The United Nations Environment Programme (UNEP) and the Government of Qatar are blazing the trail towards paper-free or near paperless conferences.
Delegates attending a global gathering under way in Doha, the Arabian Peninsula nation’s capital, on the ozone layer are being issued with laptops in a bid to minimize the use of paper for documents, reports and other publications.
UNEP and Qatar’s new paper-free bid is expected to curb the emission of harmful greenhouse gases.
“Tens of millions of tons of CO2, the principle greenhouse gas, are released as a result of the manufacture, printing and shipping of paper in the form of documents, publications and books,” said Achim Steiner, UNEP’s Executive Director. “The UN and its numerous meetings are no exception.”
Special software allows participants from 150 nations to share and amend papers during the 16-20 November meeting of the Parties to the Montreal Protocol and the Vienna Convention, both of which seek to protect the ozone layer.
The Montreal Protocol, which opened for signature on 16 September 1987, is an annex to the Vienna Convention for the Protection of the Ozone Layer, which entered into force that same year. Since the adoption of the two pacts, the international ozone regime has expanded to address almost 100 ozone-depleting chemicals for refrigeration, electronics, foam-making and other industries.
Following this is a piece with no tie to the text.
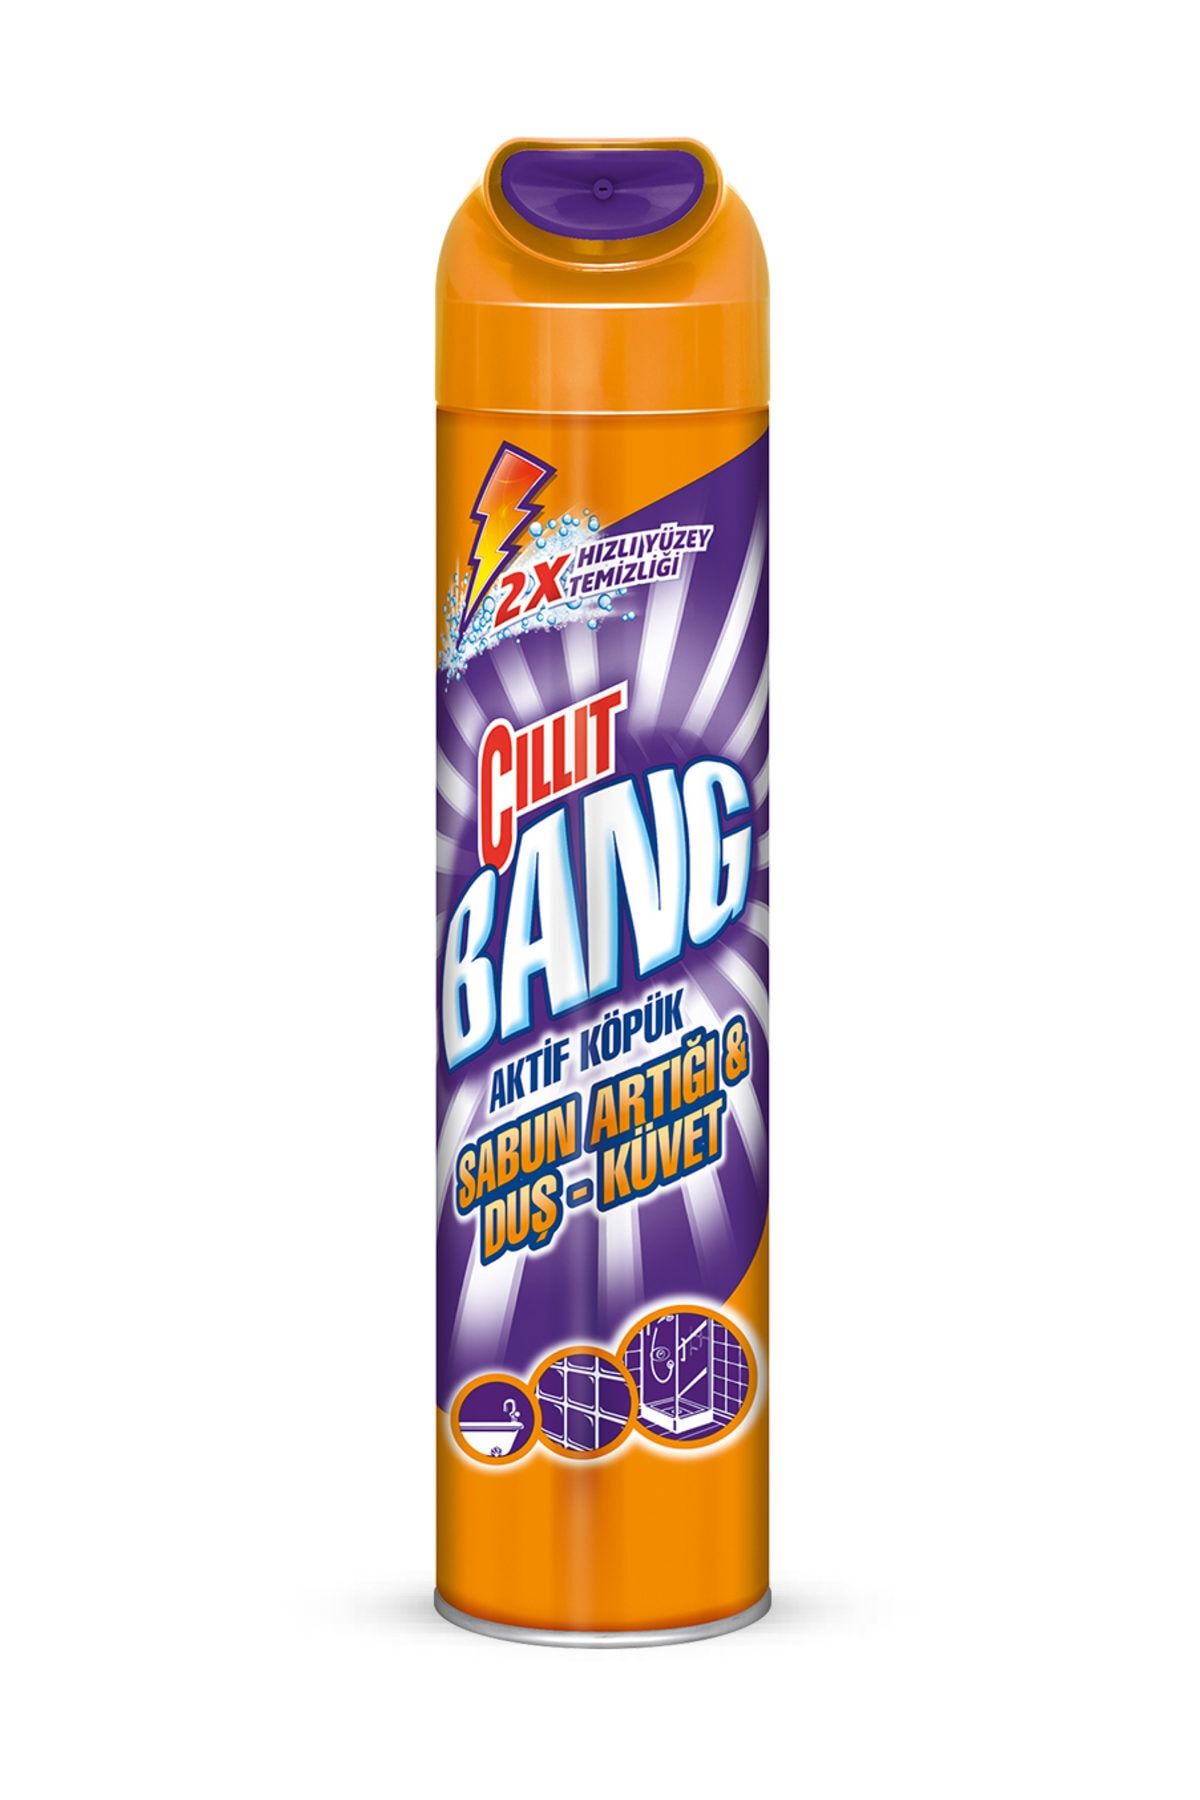 Cillit Bang - Spray Limpiador Suciedad y Manchas de Humedad, para baños y  juntas negras - 750 ml (3040445) - AliExpress

The pilot paperless programme will take its next big step forward next February at a meeting of the world’s environment ministers at UNEP’s headquarters in Nairobi, Kenya.
Participants at the current Qatar meeting are expected to discuss the cost – anywhere between more than $300 million to over $600 million – over the coming years of accelerating the freeze and phase-out of hydrochlorofluorocarbons (HCFCs), which are widely used in refrigeration systems and air conditioners and also propel global warming.
At the opening of the meeting yesterday, UNEP unveiled a new web portal that honours the visionaries, innovators and implementers behind the success of the Montreal Protocol, with efforts to bring it to reality having started in the 1970.
The pact “gives us hope and inspiration about what can be achieved collectively to protect the global environment,” Mr. Steiner said. “Developing and developed countries have worked side by side for the common good to set, meet and sustain precise, time-based compliance targets for eliminating an entire class of harmful chemicals, thereby helping to restore Earth’s precious ozone shield.”
The “Montreal Protocol’s Who’s Who” site is a collection of biographies of those who have worked to achieve the goals of the pact, and the site also allows people to nominate ozone protection champions to be added to the list.